TOKYO (Reuters) - Japan issued a new protest to Beijing on Saturday after Chinese coastguard ships and about 230 fishing vessels sailed close to what Tokyo considers its territorial waters around disputed islets in the East China Sea, Japan's foreign ministry said.
The latest incident comes amid heightened tensions in Asia, less than a month after an arbitration court in the Hague invalidated China's sweeping claims in the disputed South China Sea, in a case brought by the Philippines.
China has refused to recognize the ruling. Japan called on China to adhere to the verdict, which it said was binding, prompting warnings from Beijing to Tokyo not to interfere.
Three of the six Chinese coastguard ships that were in the so-called contiguous waters on Saturday appeared to be armed, Japan's Coast Guard said.
On Friday, a Japanese foreign ministry official said Chinese coastguard ships and fishing vessels entered what Tokyo considers its territorial waters around the islets.
Beijing claims the uninhabited, Tokyo-controlled East China Sea islands, called the Senkaku in Japan and Diaoyu in China, and occasionally sends its coastguard vessels near them.
A senior Japanese foreign ministry official on Saturday issued a protest to a Chinese embassy official in Tokyo calling on the coastguard ships to leave the area immediately and condemning the action as a unilateral escalation of tensions, the ministry said.

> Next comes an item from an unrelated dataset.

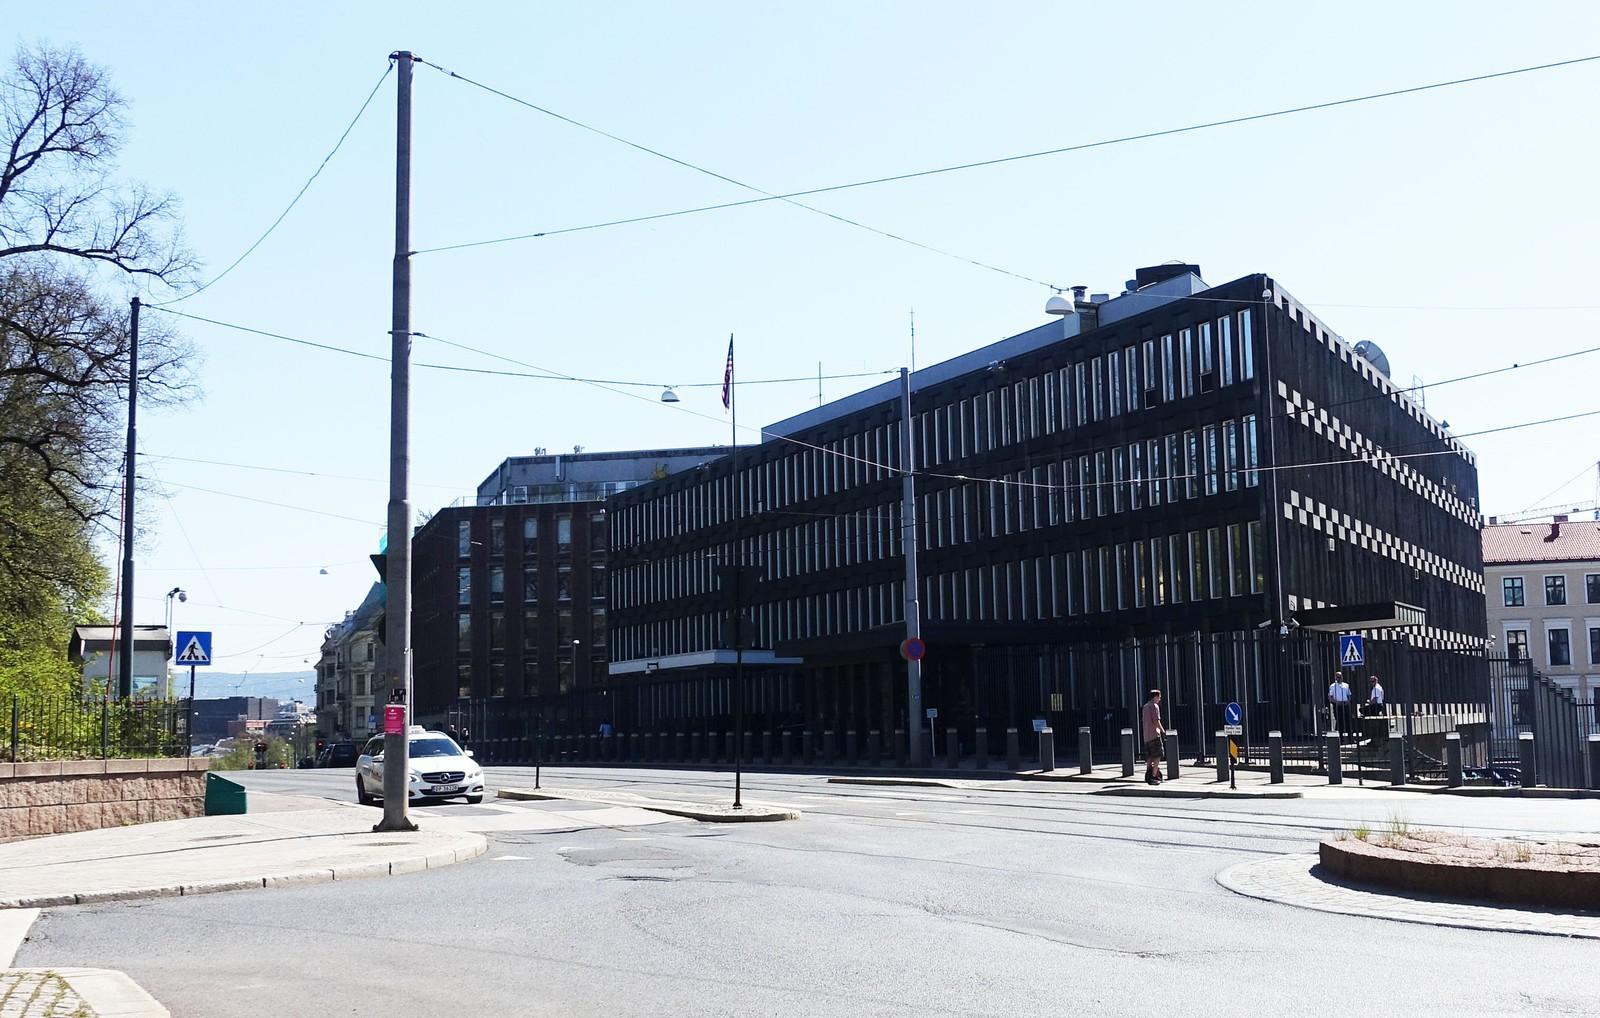 Eero Saarinen var opptatt av at bygget skulle passe inn i omgivelsene. Derfor ble det bygget i kun fire etasjer. Fasaden speilet trærne i slottsparken. Den mørke kunststenen som er brukt skulle symbolisere en mann i kjole og hvitt. Saarinen ville at USA skulle fremstå som en gentleman i området.
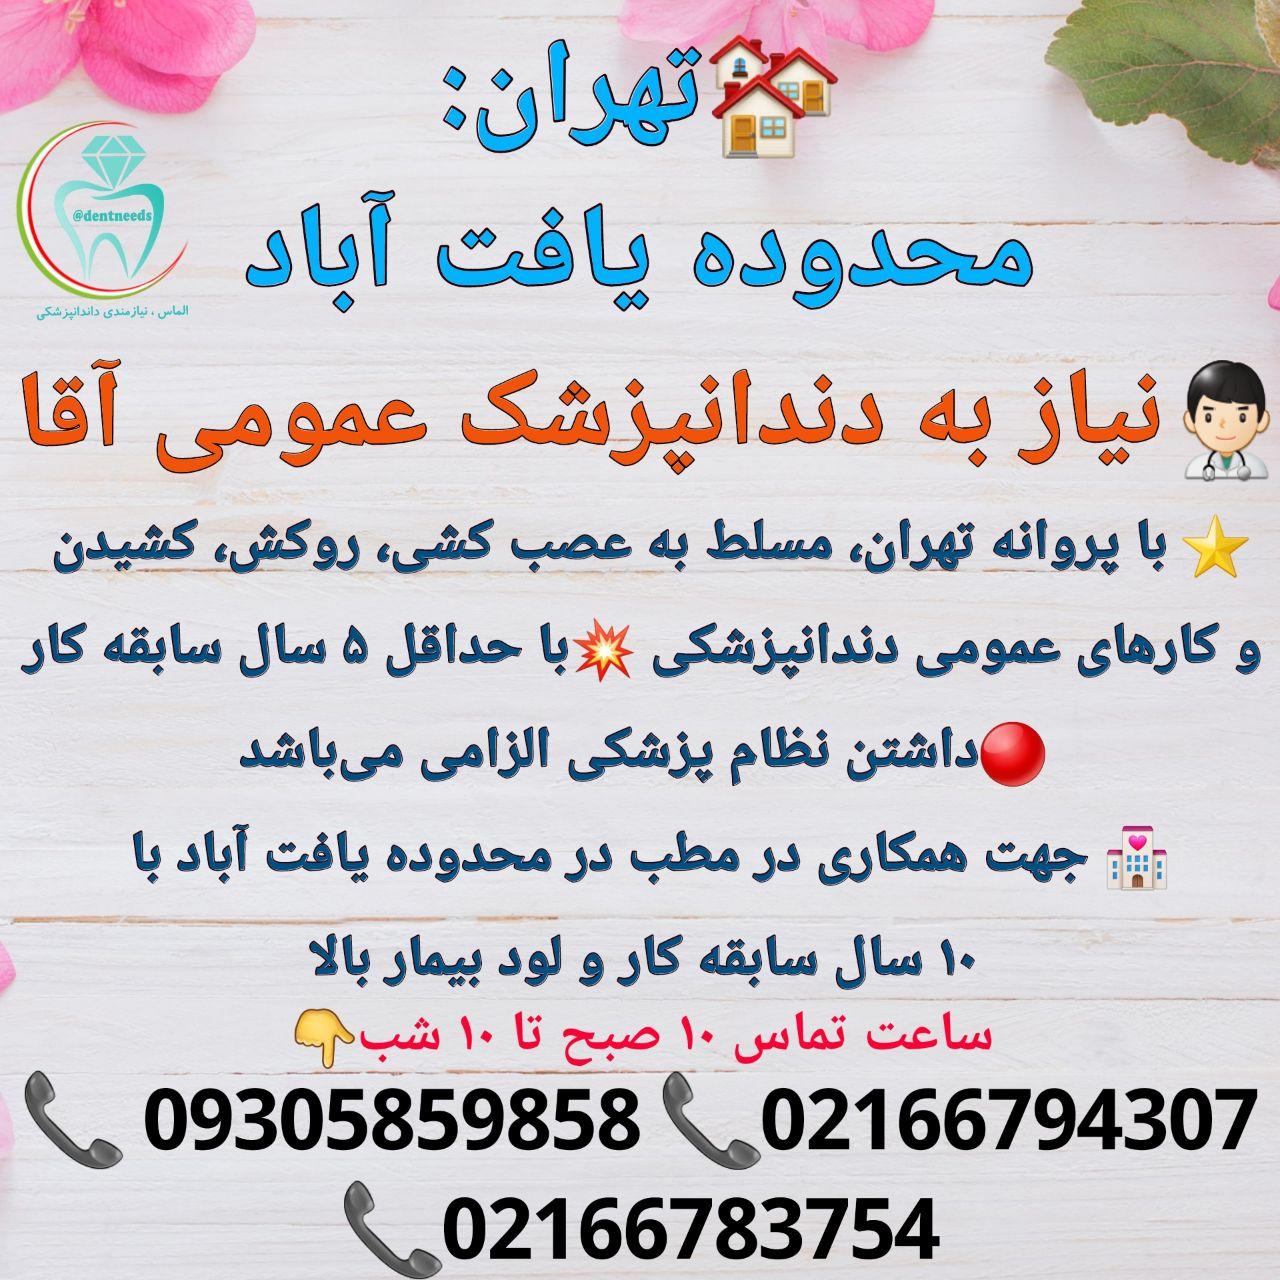 تهران: محدوده یافت آباد، نیاز به دندانپزشک عمومی آقا

Japanese Vice Foreign Minister Shinsuke Sugiyama on Friday summoned China's ambassador to Japan, Cheng Yonghua, to lodge a strong protest, the ministry said.
Chinese officials could not immediately be reached for comment on Saturday.
China on Friday accused Japan's new defense minister, Tomomi Inada, of recklessly misrepresenting history after she declined to say whether Japanese troops massacred civilians in China during World War Two.
Ties between China and Japan, the world's second- and third-largest economies, have been plagued by the territorial row, the legacy of Japans' wartime occupation of parts of China and regional rivalry.